This project is an analysis of Enron persons of interest (POIs) using Machine Learning algorithms. The project was created for Udacity's Data Analyst Nanodegree.
Access the final report here: https://sbsousa.github.io/EnronML
Per Udacity, the goal of this project is to "play detective and put your machine learning skills to use by building an algorithm to identify Enron Employees who may have committed fraud based on the public Enron financial and email dataset."
First, I performed a thorough Exploratory Data Analysis to gain a better understanding of the data. Next, I shaped the data and removed outliers. Then, I used SelectKBest to determine the best features for the machine learning algorithms. Finally, I created Naive Bayes and Decision Tree algorithms to process the data.

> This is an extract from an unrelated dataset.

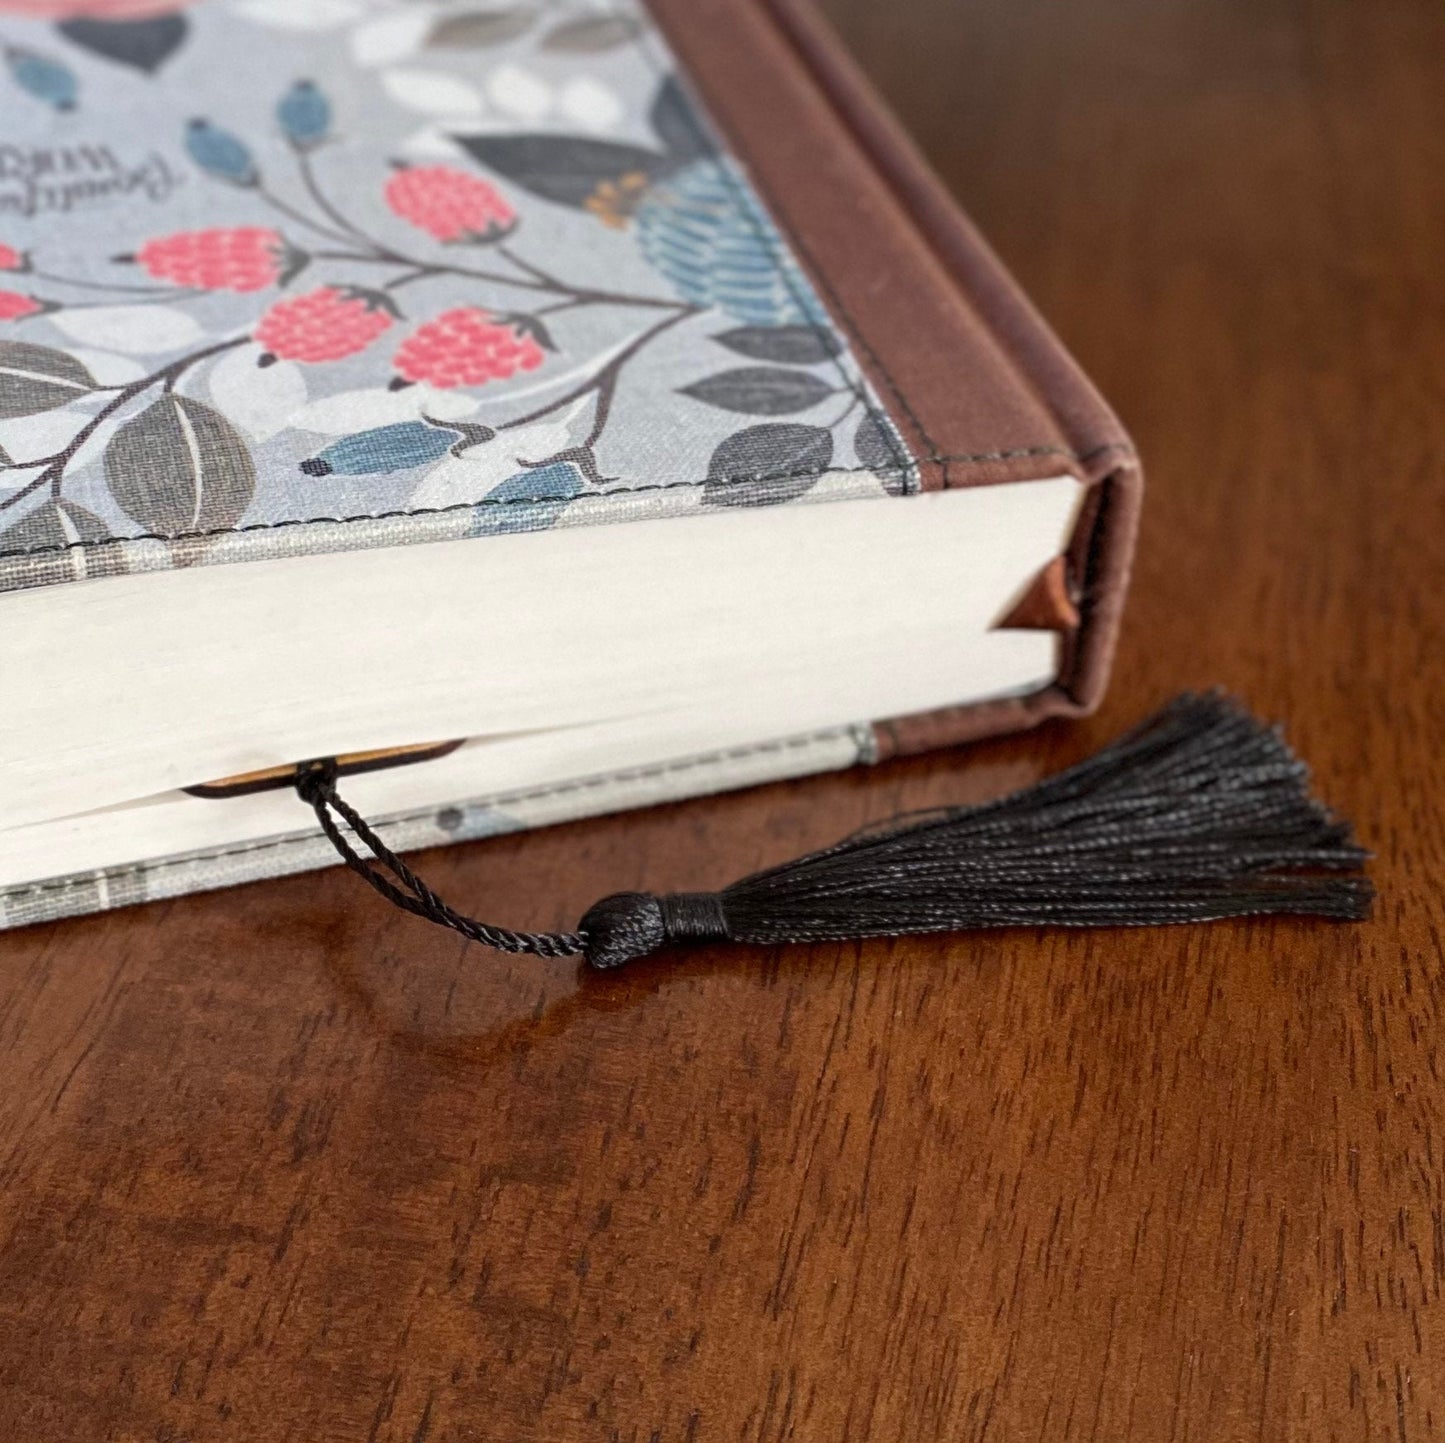 Loon Engraved Wood Bookmark

The project was created in Python and a Jupyter Notebook. Multiple Python packages were used including scikit-learn, Pandas, NumPy, Matplotlib, and Seaborn. The final Jupyter report is provided in HTML format.
The Udacity files were modified to work with Python 3.9 and current packages. If you attempt to use these files, they may not work unless you recreate my environment using the packages in requirements.txt
- poi_id.py: creates the pickle (pkl) files
- tester.py: validates the selected machine learning algorithms against the pkl files and returns metrics (Accuracy, Precision, Recall, and F1)
This project is publicly available for educational purposes. Please acknowledge this source if you use it.
The Python scripts were provided by Udacity:
https://www.udacity.com/course/data-analyst-nanodegree--nd002
Udacity code that I modified is commented.
Additional sources are acknowledged in the code and report.